Since the last post, we had celebrate Chinese New Year and our 2nd wedding anniversary. Matty has since got his 2nd lower front tooth and was even admitted on the 2nd day of Chinese New Year for constipation. He was crying really badly when the enema was administered... Mummy ended up crying with Matty. Since don't know when, he started to crawl like a pro, pull to stand. It just came so naturally without anyone teaching him how exactly to do it. He tries a little each day and all of a sudden he was performing each trick without much effort. Learning to cruise bit by bit lately. Perhaps he will start to walk without us knowing one of these days. He is getting harder and harder to restraint. As he grows... he is becomes less reliant on us... prefering to be left alone on the floor rather than be carried nowadays. Like I always say... soon we will be sending him off to college.

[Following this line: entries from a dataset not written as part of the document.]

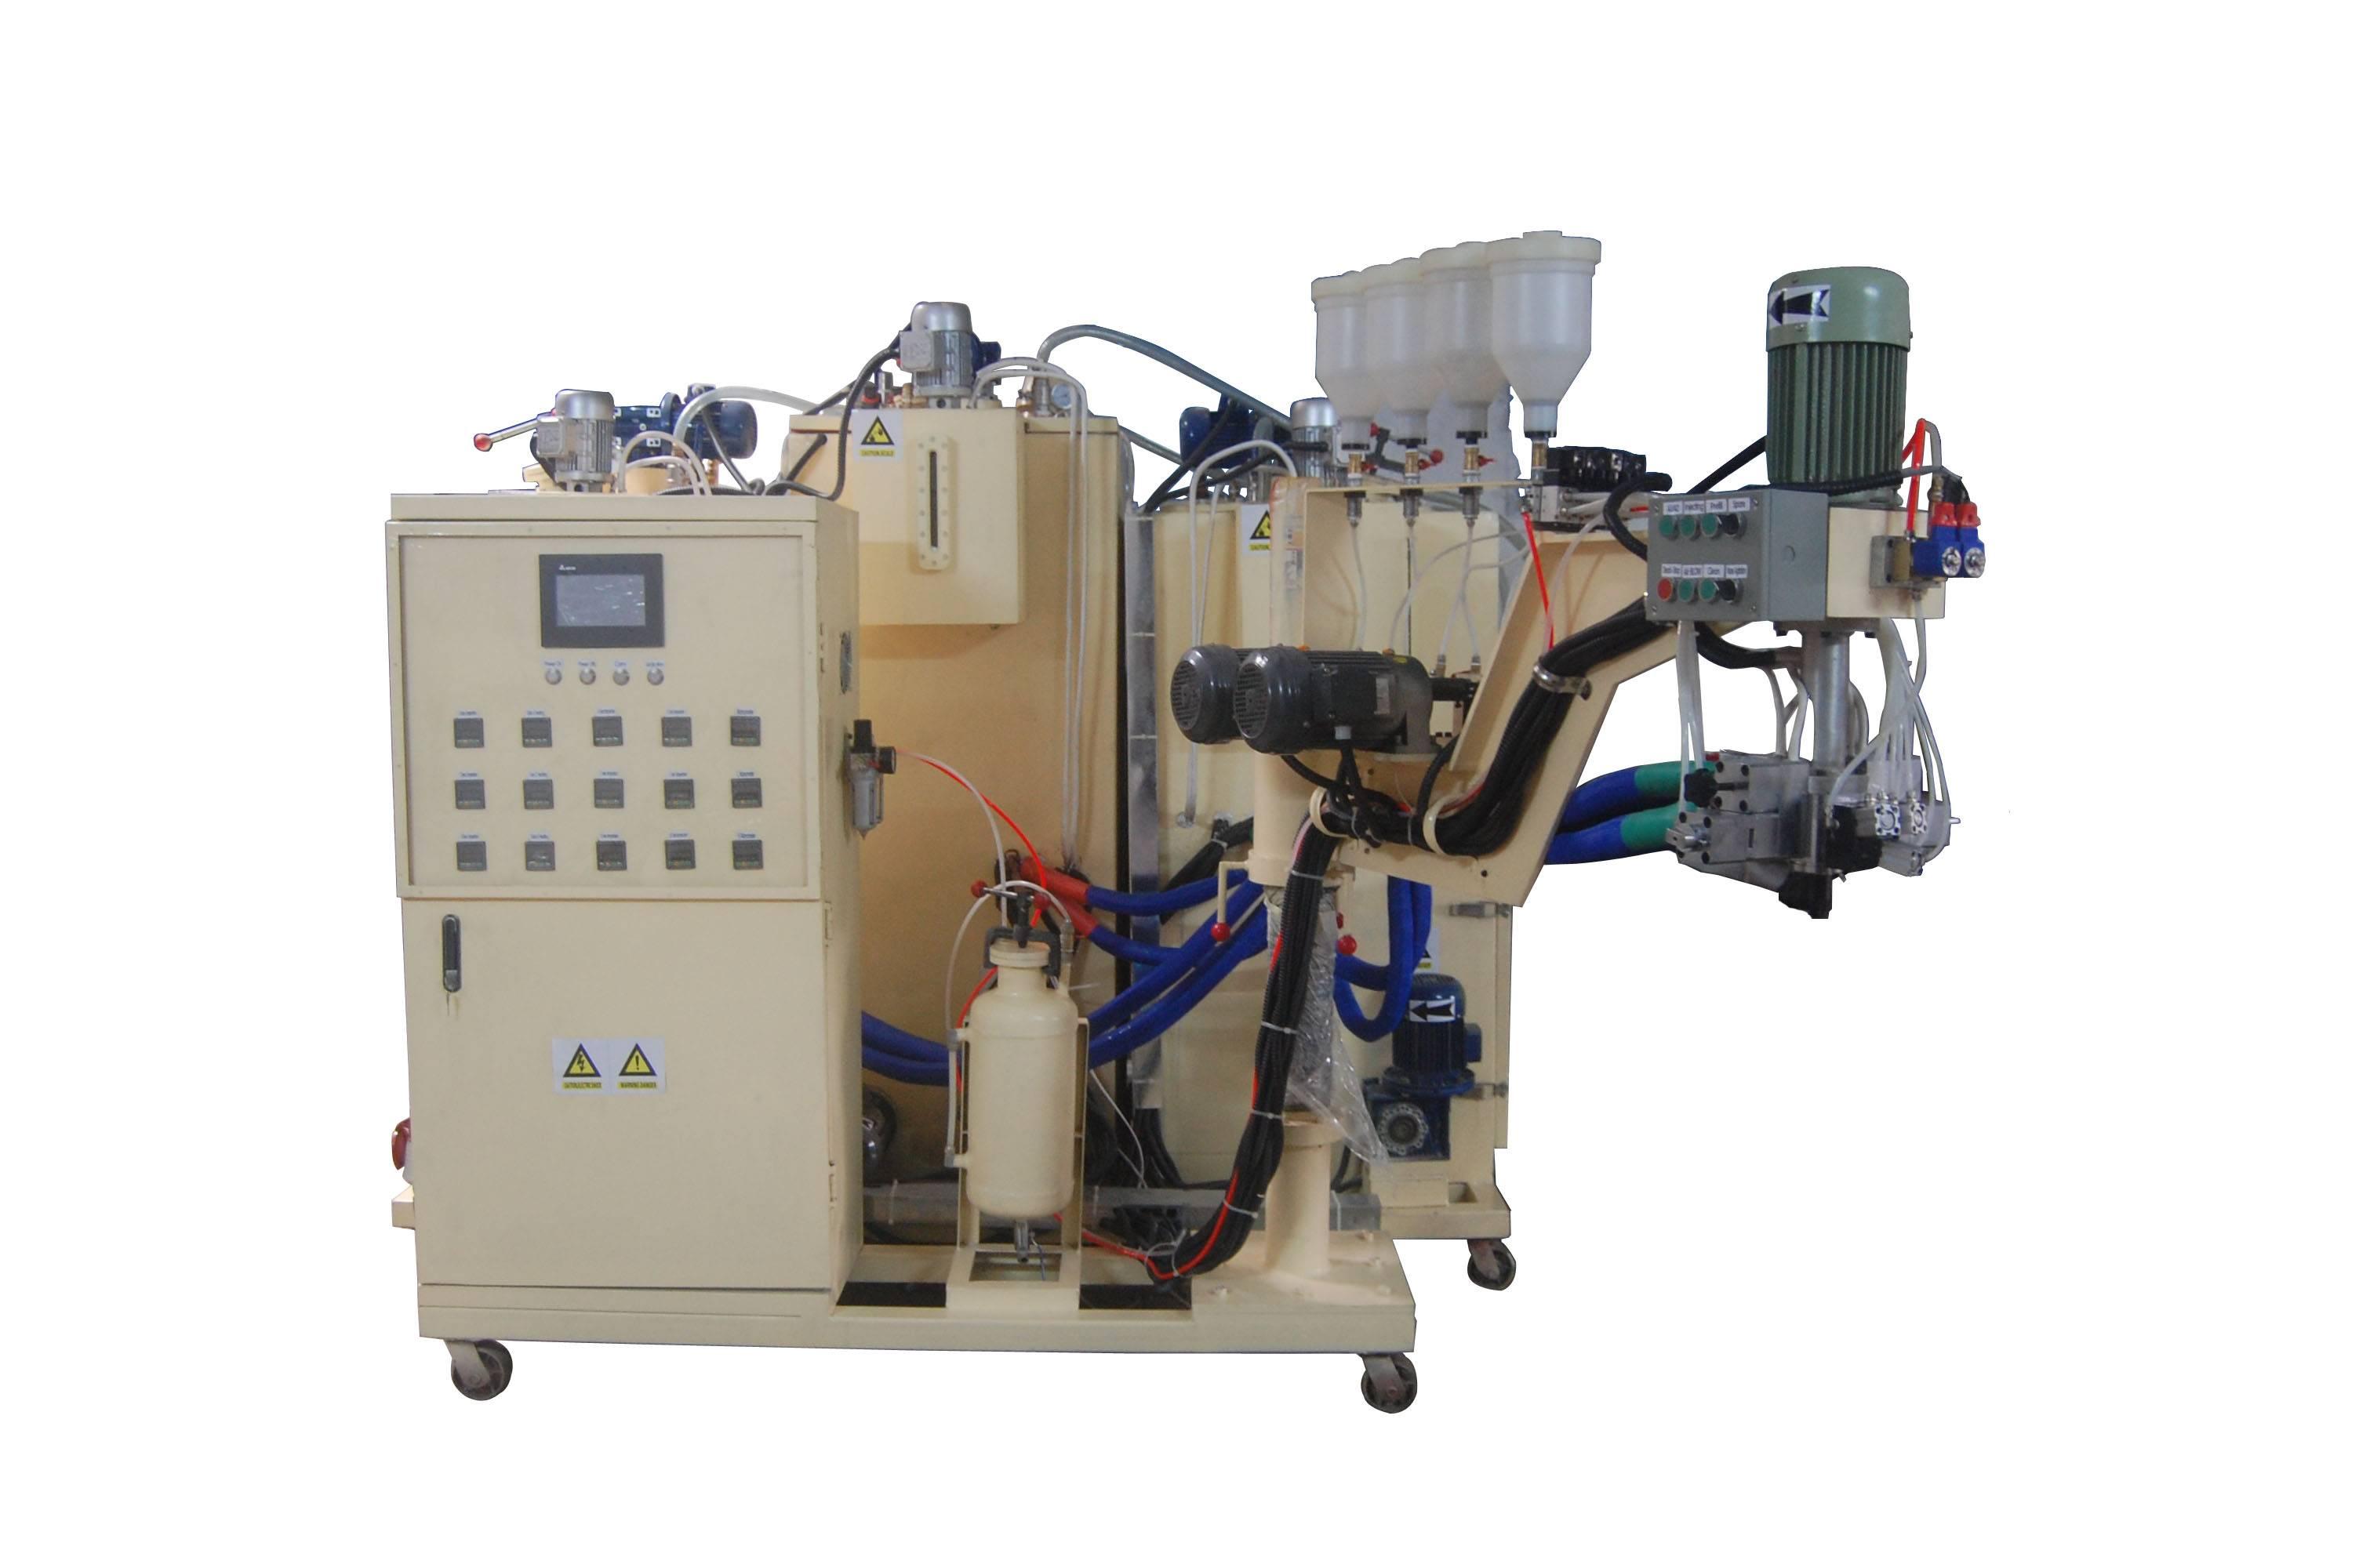 multi fuctional polyurethane foam making machine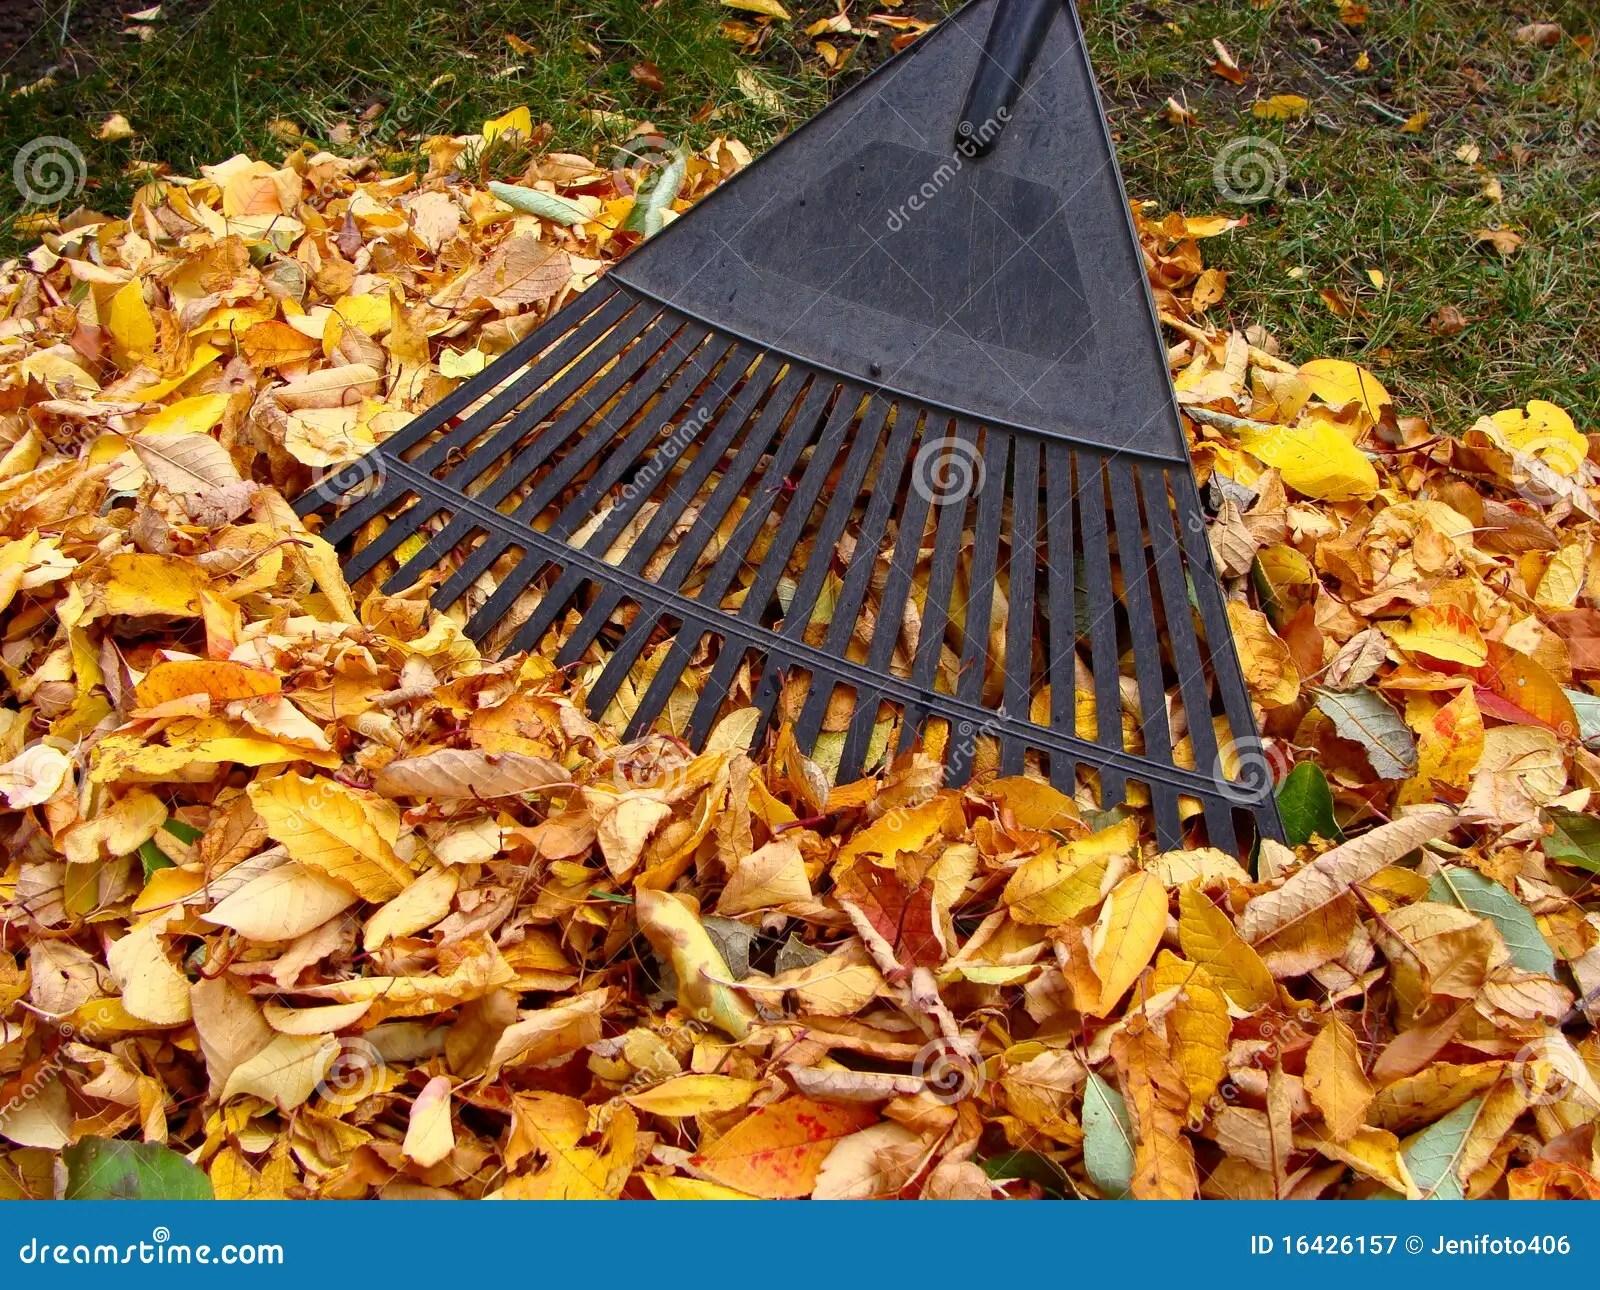 Autumn Tree Leaf Fall Animated Wallpaper Raking Autumn Leaves Royalty Free Stock Photography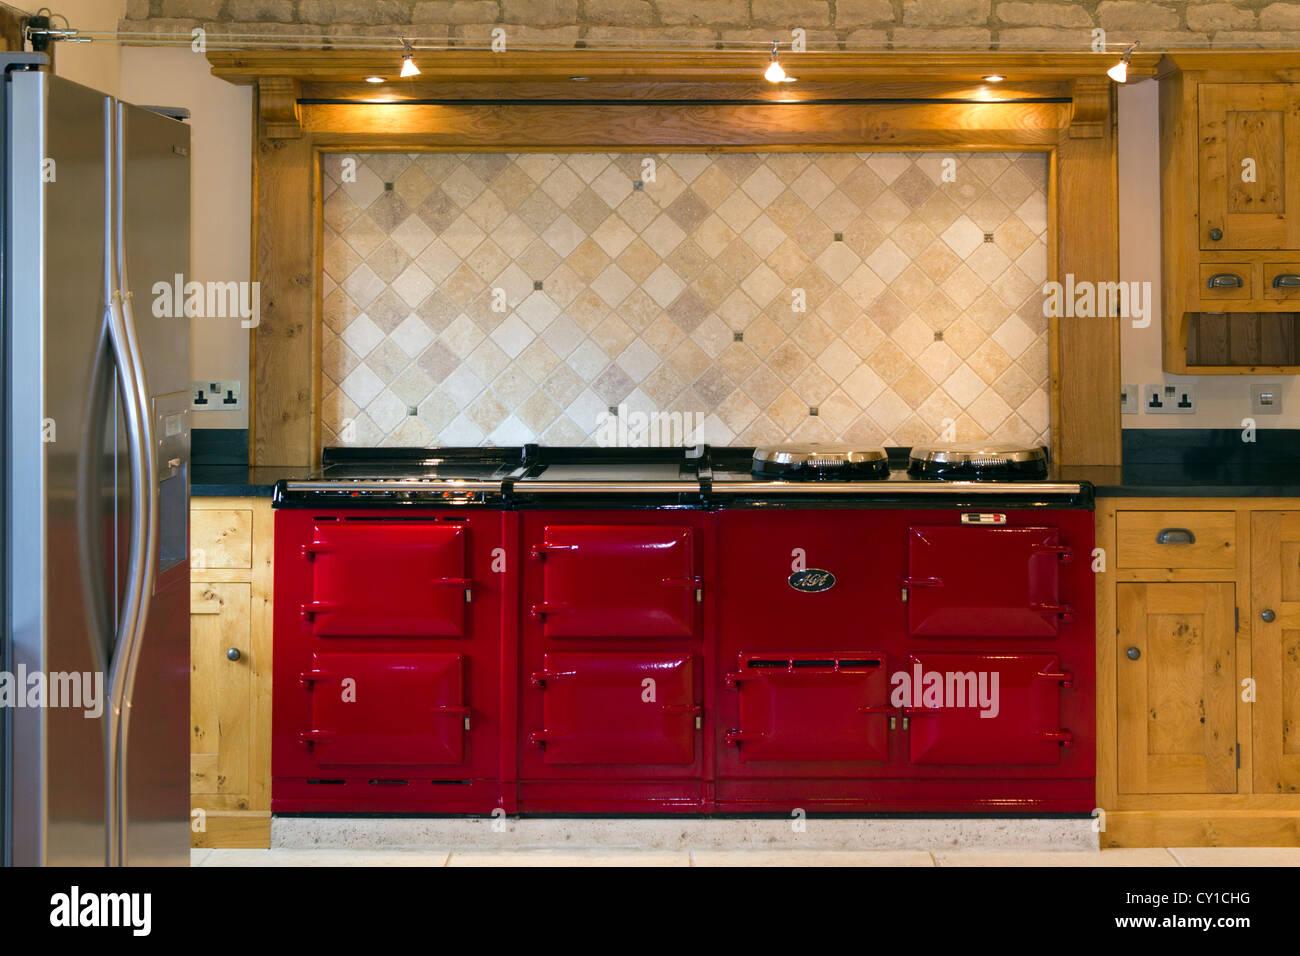 Aga Herd lebhafte rote doppel aga herd in einer gehobenen küche stockfoto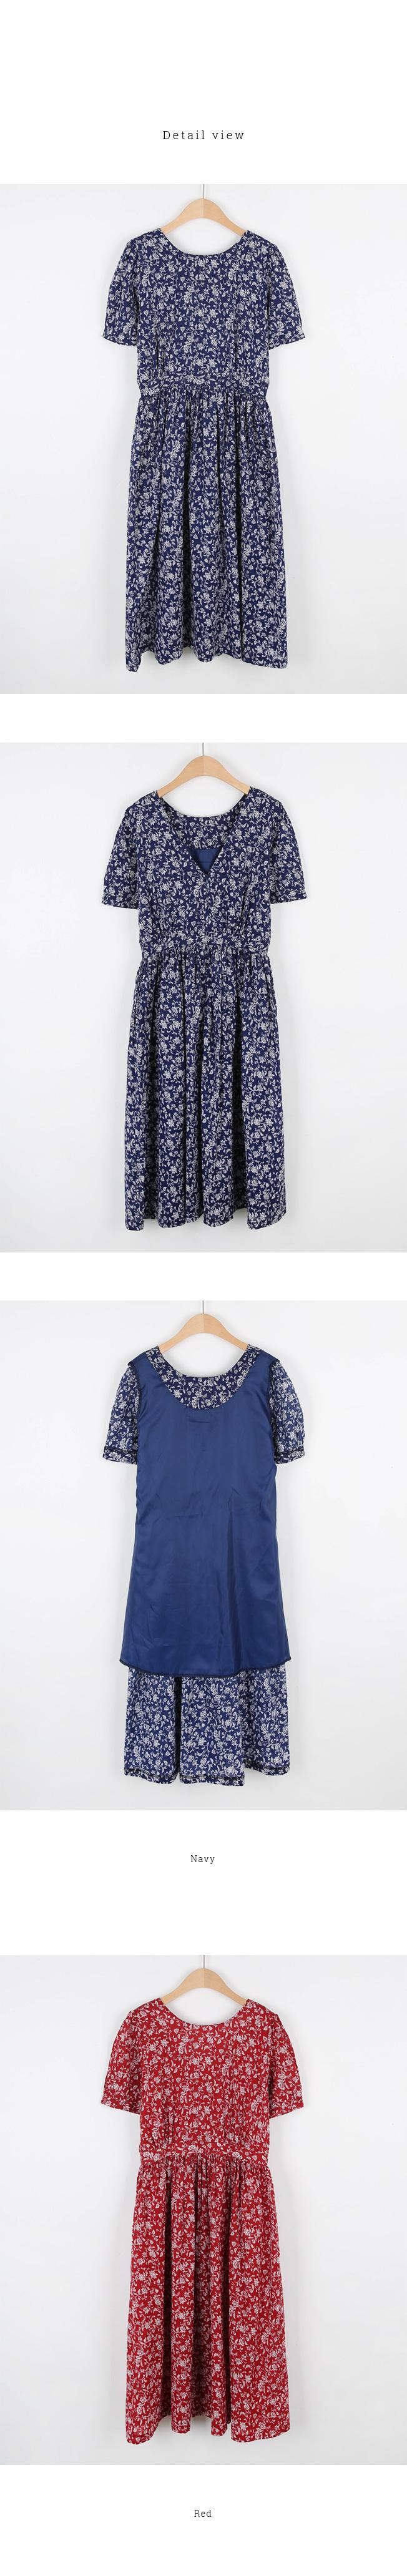 One point flower dress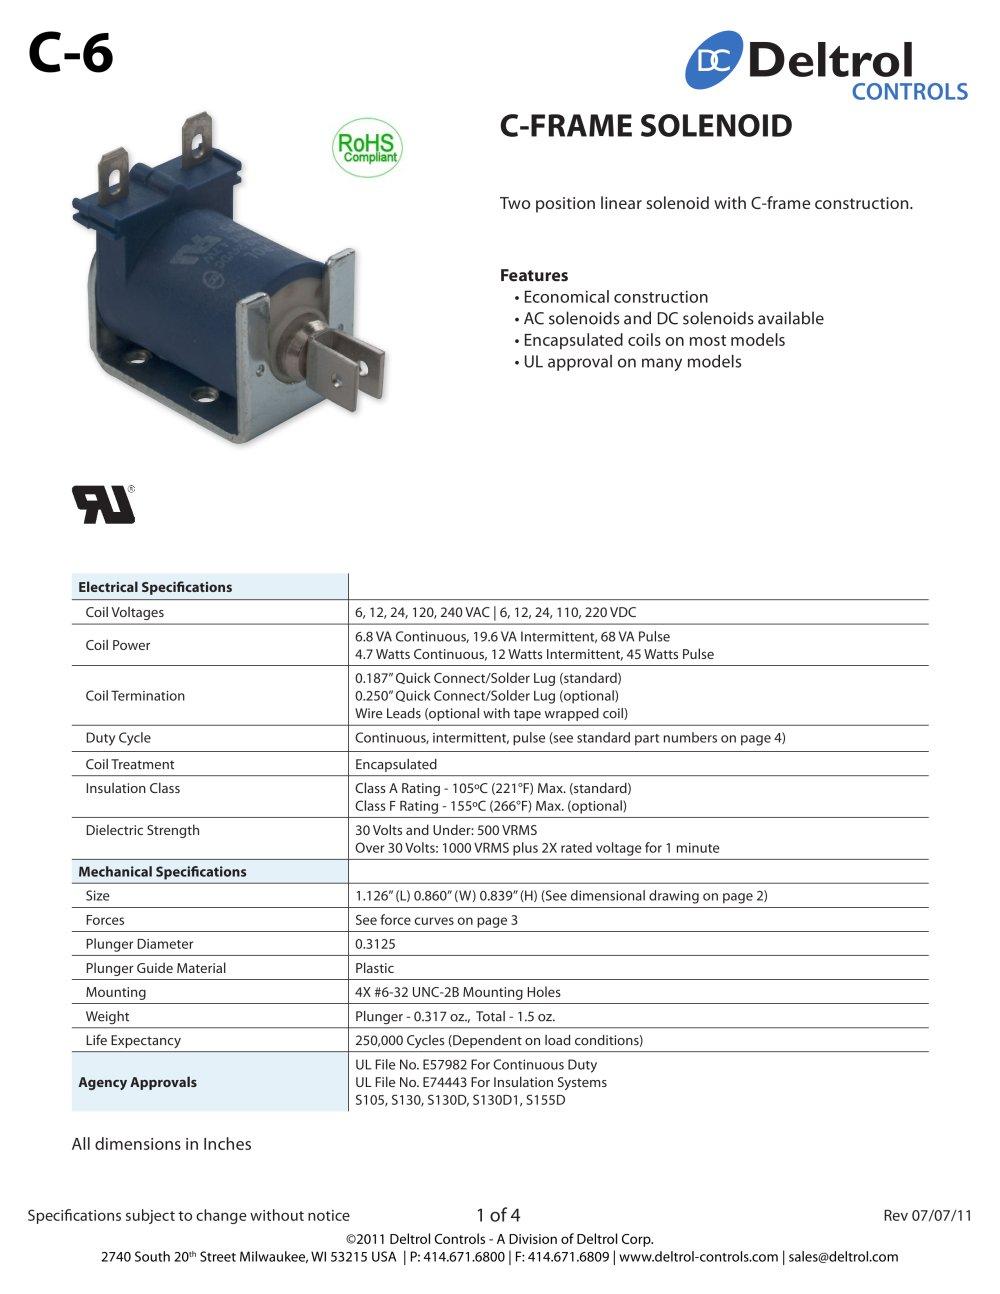 C 6 Frame Solenoid Deltrol Controls Pdf Catalogue Technical 12 Volt Wiring Diagram 5 Connection 1 4 Pages

Now I just hope he will learn to fall asleep on his own and sleep through the night. A little difficult since he is teething. Mummy's patience seems to run out fast these days especially when we are having a rough night and I find myself having to wake up and carry Matty... to rock him back to sleep. Carrying a 9kg baby can be draining... much so in the wee hours of the morning. But like Linda said... just relax and enjoy the parenting before he grows out of it. After the talk with her... it actually made me feel better and stop looking for answers to make Matty grow out of this stage. Nonetheless every night before going to bed... I pray hard that Matty will sleep well. I want my much needed sleep. People around have been commenting that I look haggard. Actually without them telling me... I could see it from the mirror.

Daddy and I celebrated our 2nd wedding anniversary on 8 February. We took Matty to Mt Faber for a picnic. Daddy and I went there once long time ago for a picnic as well. Except that this time round we are better and knew what to bring along. We even took Matty for a swim later that day. We had dinner at San Marco... it is right at the top of Fullerton. Fullerton still brings back alot of memory for us. Nice place... I am still waiting for someone to hold a wedding there so that I can try the food once again.